Quickest path — use the onboarding wizard:
gsd config
# Choose "Paste an API key" → "Custom (OpenAI-compatible)"
# Enter: base URL, API key, model ID
This writes ~/.gsd/agent/models.json for you automatically.
Manual setup:
{
"providers": {
"my-provider": {
"baseUrl": "https://my-endpoint.example.com/v1",
"apiKey": "MY_PROVIDER_API_KEY",
"api": "openai-completions",
"models": [
{
"id": "model-id-here",
"name": "Friendly Model Name",
"reasoning": false,
"input": ["text"],
"contextWindow": 128000,
"maxTokens": 16384,
"cost": { "input": 0, "output": 0, "cacheRead": 0, "cacheWrite": 0 }
}
]
}
}
}
Adding custom headers (for proxies):
{
"providers": {
"litellm-proxy": {
"baseUrl": "https://litellm.example.com/v1",
"apiKey": "MY_API_KEY",
"api": "openai-completions",
"headers": {
"x-custom-header": "value"
},
"models": [...]
}
}
}
Qwen models with thinking mode:
For Qwen-compatible servers, use thinkingFormat to enable thinking mode:
{
"compat": {
"thinkingFormat": "qwen",
"supportsDeveloperRole": false
}
}
Use "qwen-chat-template" instead if the server requires chat_template_kwargs.enable_thinking.

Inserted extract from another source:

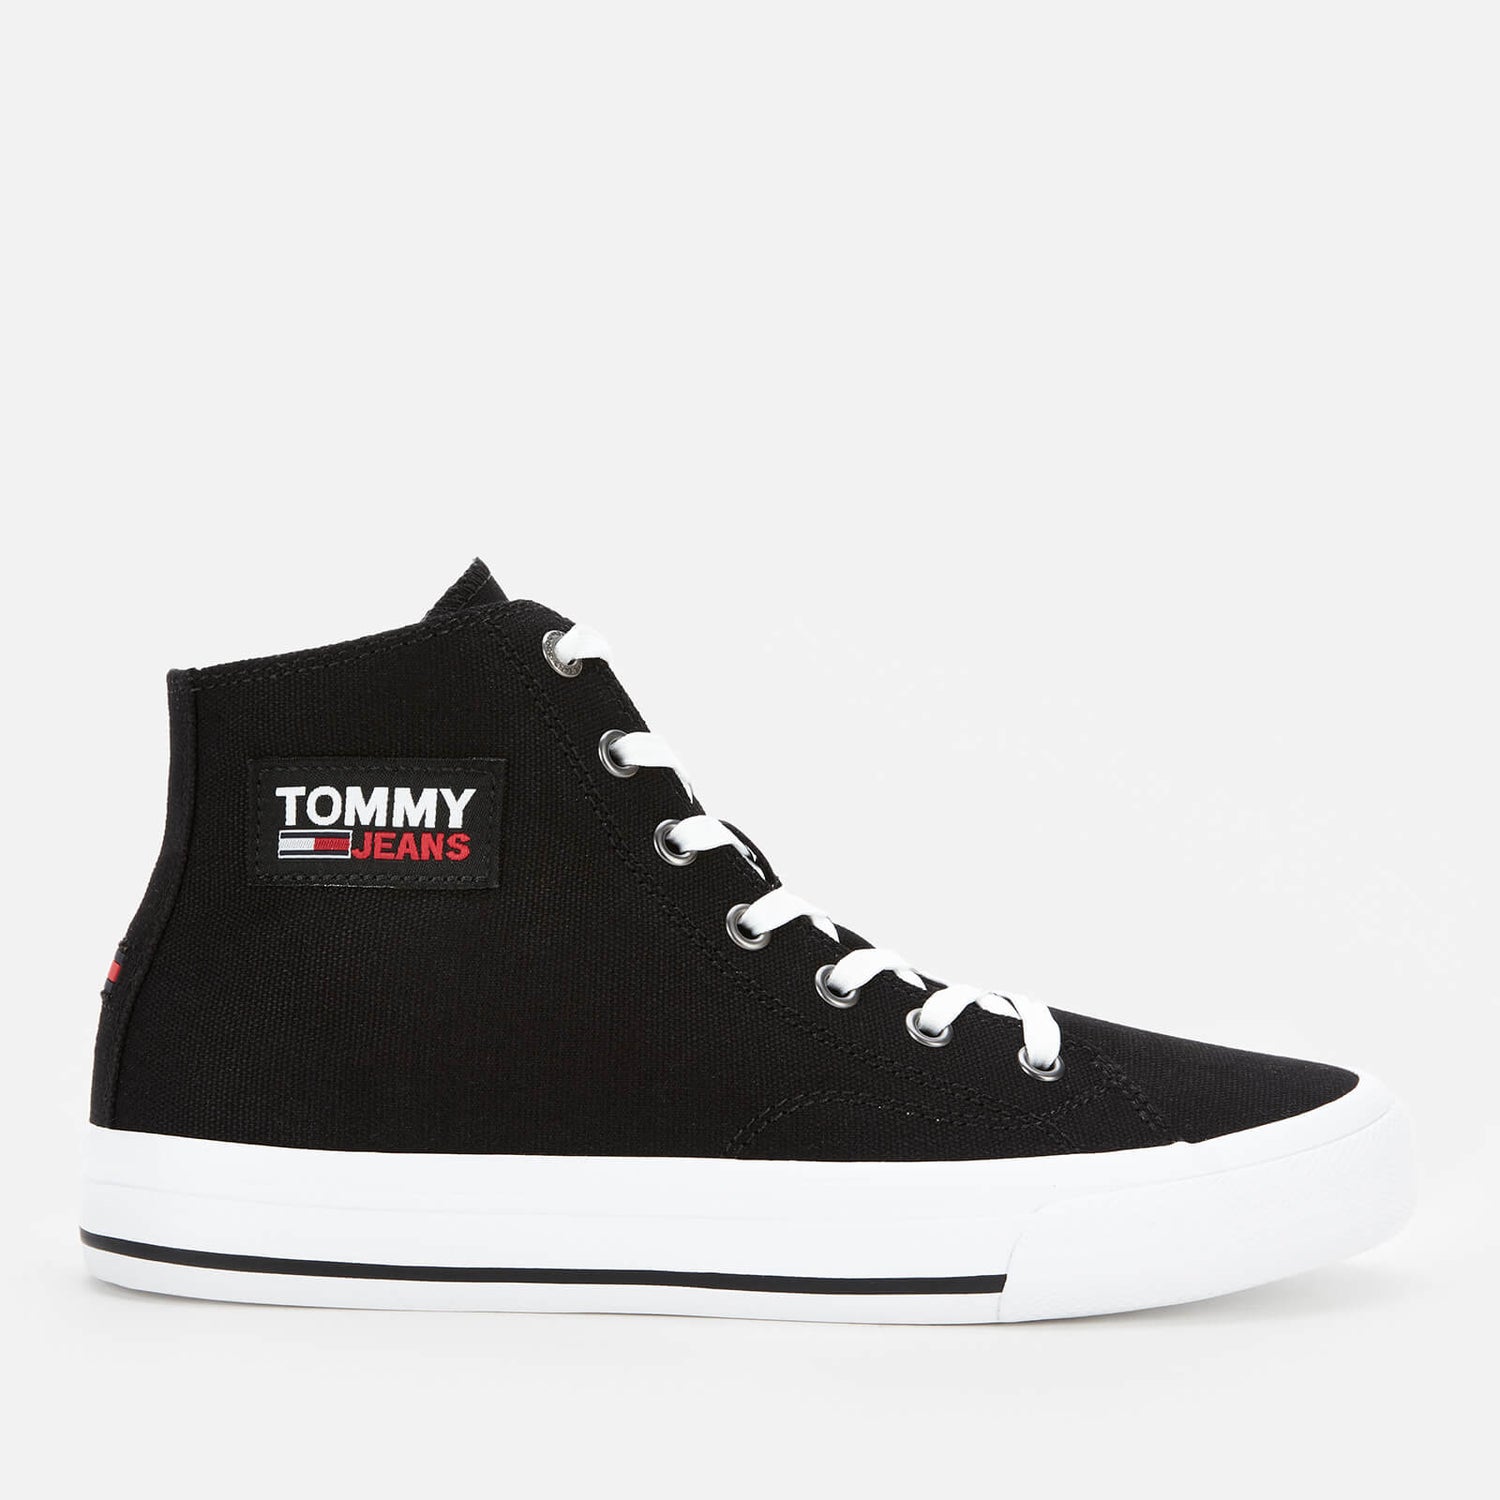 Tommy Jeans Women's Canvas Hi-Top Trainers - Black

For the full reference on compat fields, modelOverrides, value resolution, and advanced configuration, see Custom Models.
Common Pitfalls
"Authentication failed" with a valid key
Cause: The key is set in your shell but not visible to SF.

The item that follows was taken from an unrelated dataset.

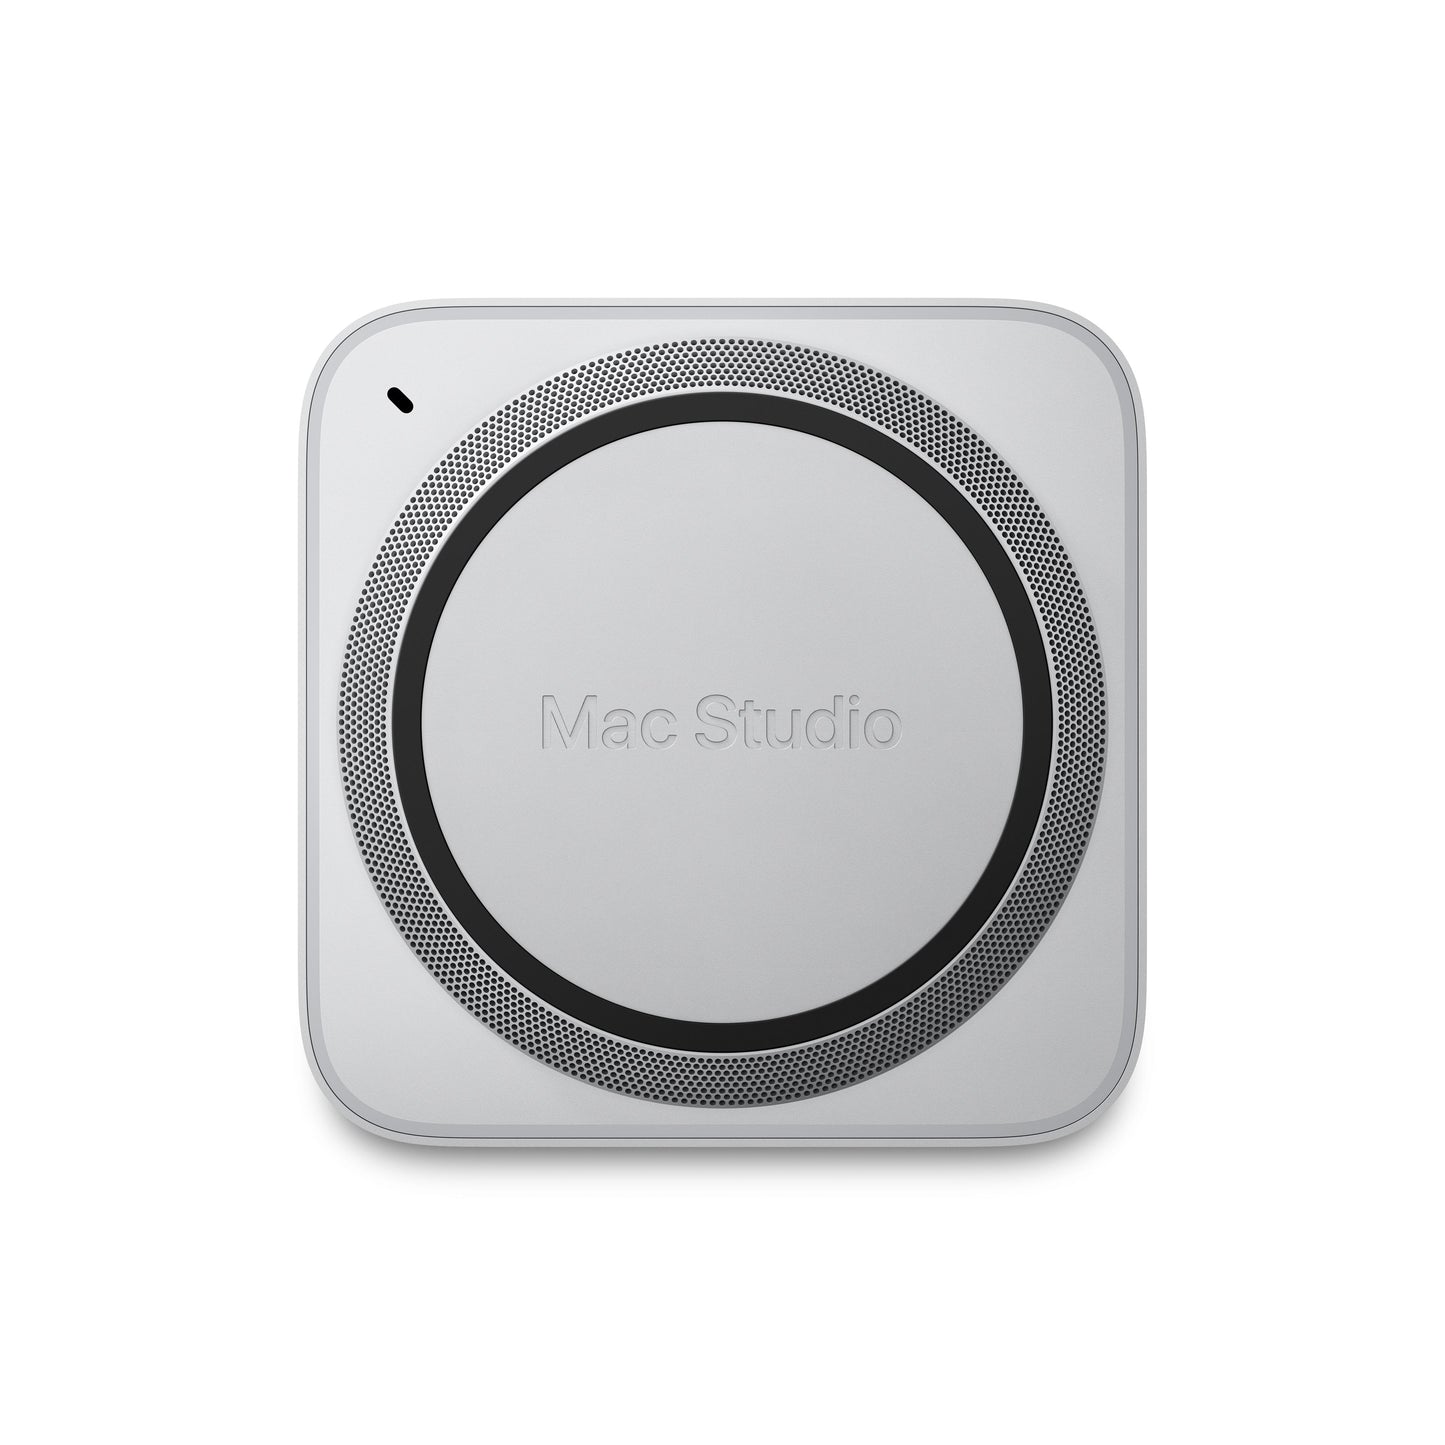 Mac Studio: Apple M1 Max chip with 10_core CPU and 24_core GPU, 512GB SSD

Fix: Make sure the environment variable is exported in the same terminal where you run gsd. Or use gsd config to save the key to ~/.gsd/agent/auth.json so it persists across sessions.
OpenRouter models not appearing in /model
Cause: No OPENROUTER_API_KEY set, so SF hides OpenRouter models.

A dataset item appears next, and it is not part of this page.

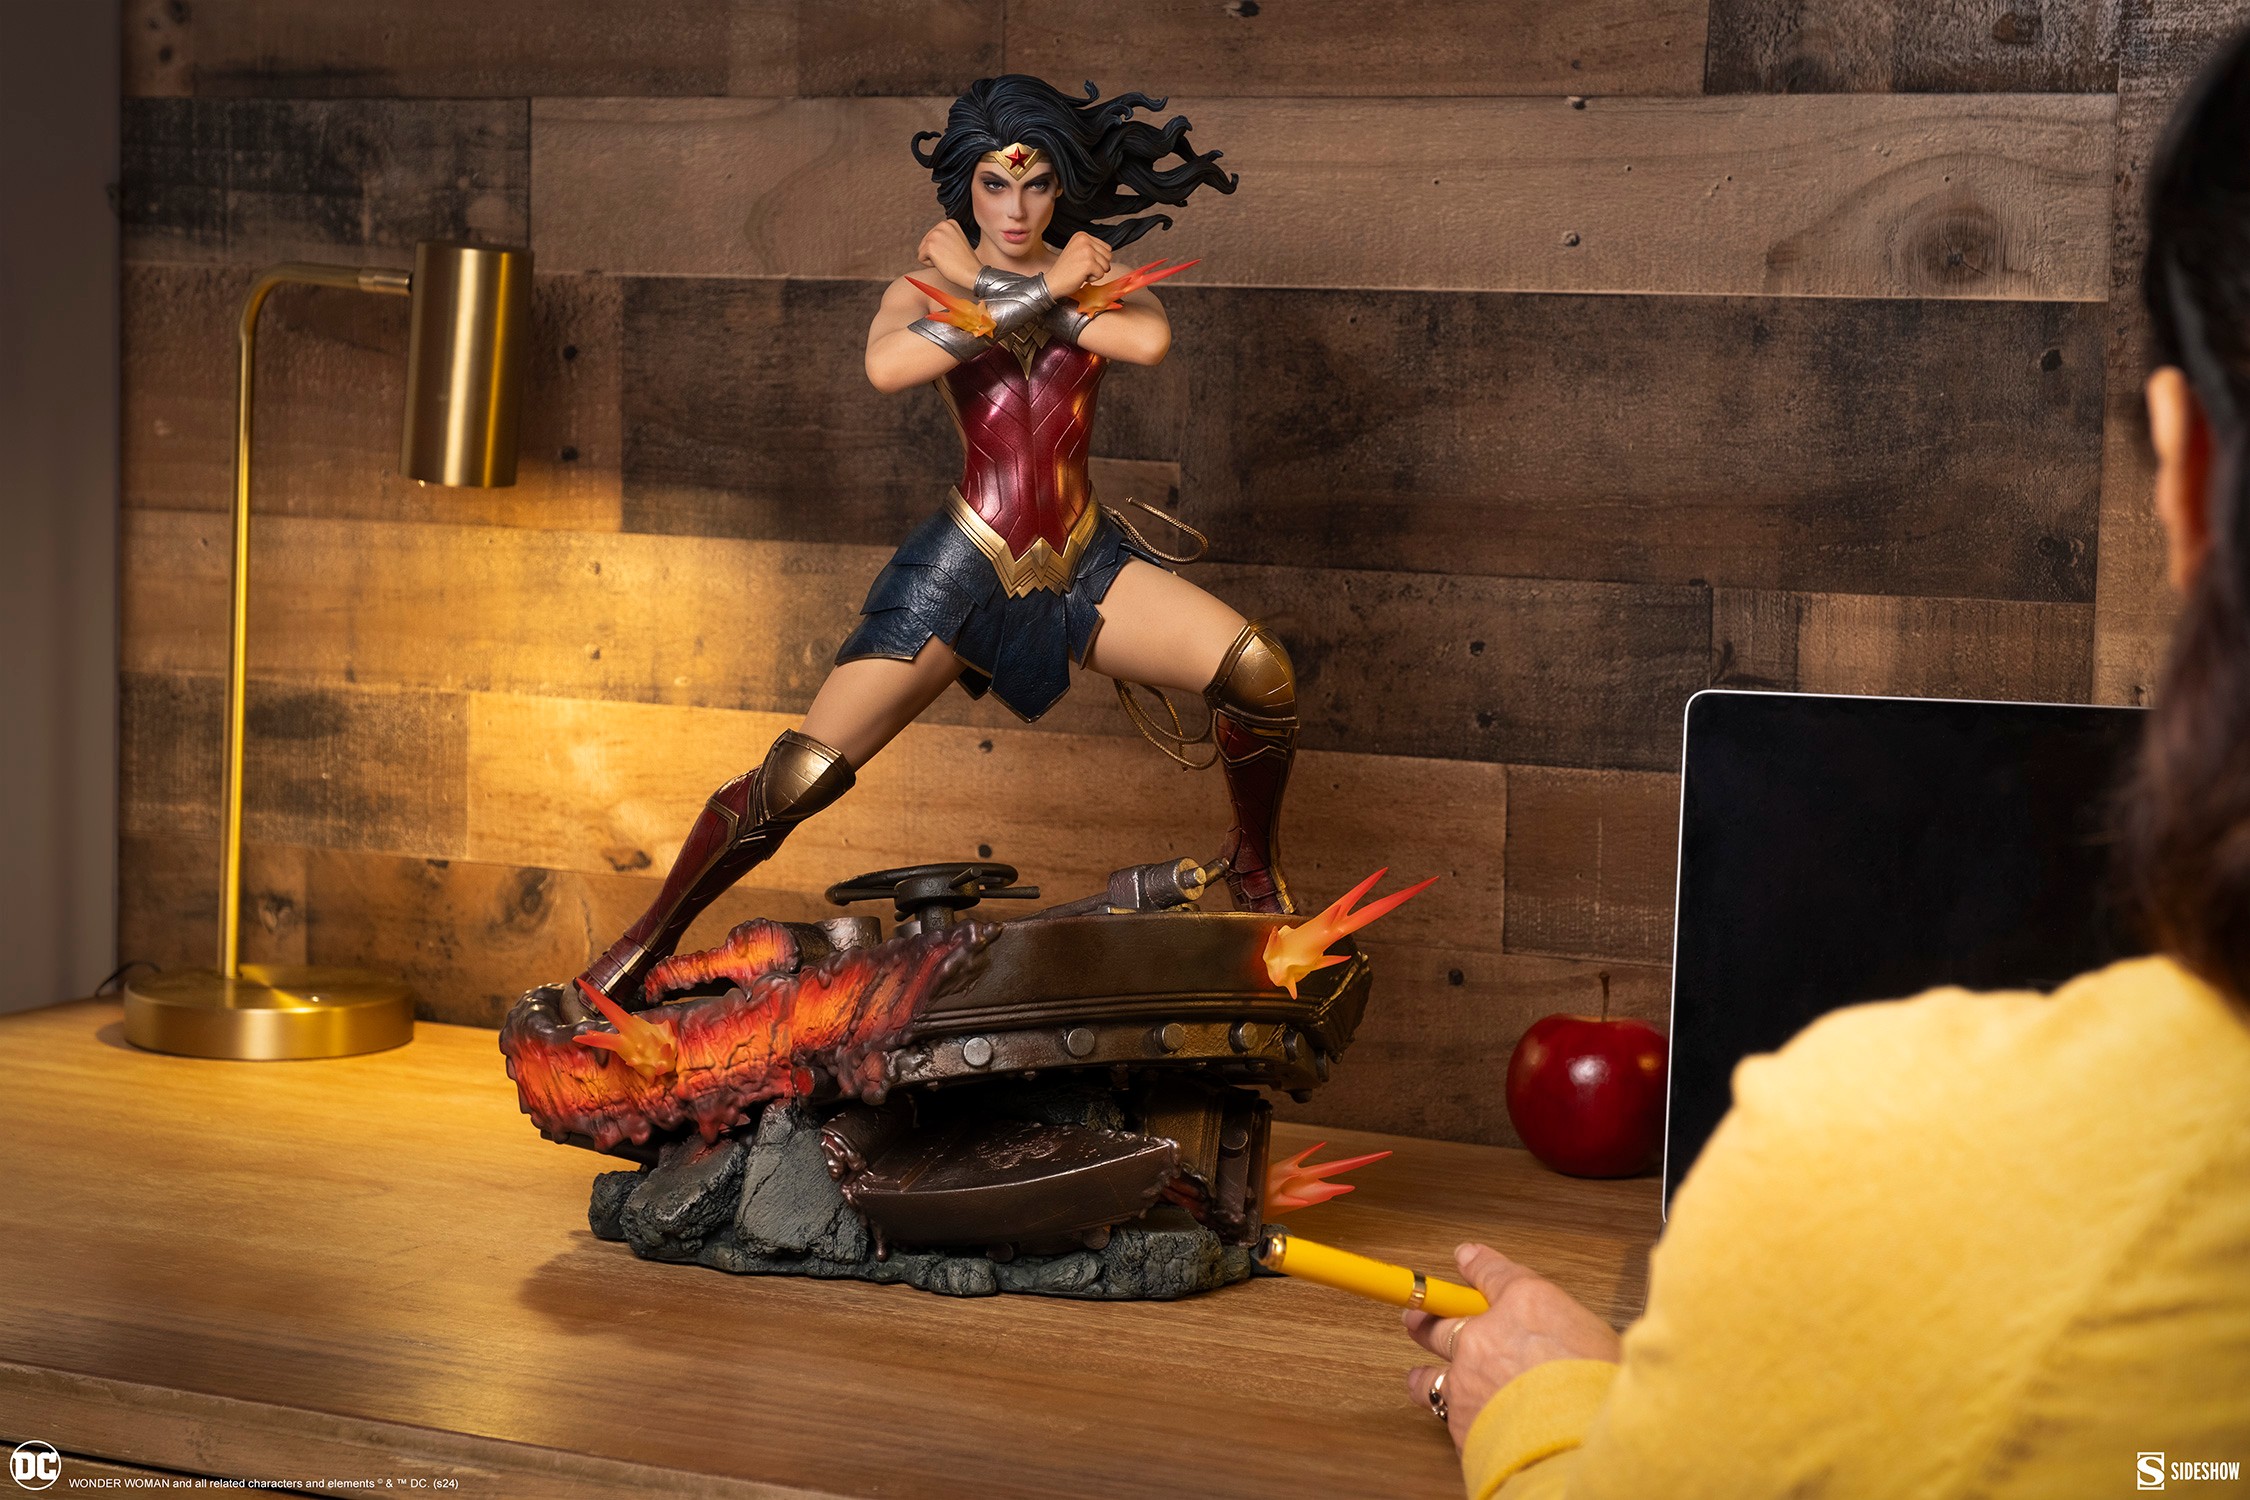 Wonder Woman: Saving the Day (Prototype Shown) View 1

Fix: Set the key and restart SF:
export OPENROUTER_API_KEY="sk-or-..."
gsd
Ollama returns empty responses
Cause: Ollama server isn't running, or the model isn't pulled.
Fix:
# Verify the server is running
curl http://localhost:11434/v1/models
# Pull the model if missing
ollama pull llama3.1:8b
LM Studio model ID mismatch
Cause: The id in models.json doesn't match what LM Studio exposes via its API.
Fix: Check the LM Studio server tab for the exact model identifier. It often includes the filename or quantization level (e.g., lmstudio-community/Meta-Llama-3.1-8B-Instruct-GGUF).
developer role error with local models
Cause: Most local inference servers don't support the OpenAI developer message role.
Fix: Add compat.supportsDeveloperRole: false to the provider config. This makes SF send system messages instead:
{
"compat": {
"supportsDeveloperRole": false,
"supportsReasoningEffort": false
}
}
stream_options error with local models
Cause: Some servers don't support stream_options: { include_usage: true }.
Fix: Add compat.supportsUsageInStreaming: false:
{
"compat": {
"supportsUsageInStreaming": false
}
}
"apiKey is required" validation error
Cause: models.json schema requires apiKey when models are defined.
Fix: For local servers that don't need auth, set a dummy value:
"apiKey": "not-needed"
Cost shows $0.00 for custom models
Expected behavior. SF defaults cost to zero for custom models. Override with the cost field if you want accurate cost tracking:
"cost": { "input": 0.15, "output": 0.60, "cacheRead": 0.015, "cacheWrite": 0.19 }
Values are per million tokens.
Verifying Your Setup
After configuring a provider:
-
Launch SF:
gsd -
Check available models:
/modelYour provider's models should appear in the list.
-
Switch to the model: Select it from the
/modelpicker. -
Send a test message: Type anything to confirm the model responds.
If the model doesn't appear, check:
- The environment variable is set in the current shell
models.jsonis valid JSON (usecat ~/.gsd/agent/models.json | python3 -m json.tool)- The server is running (for local providers)
For additional help, see Troubleshooting or run /gsd doctor inside a session.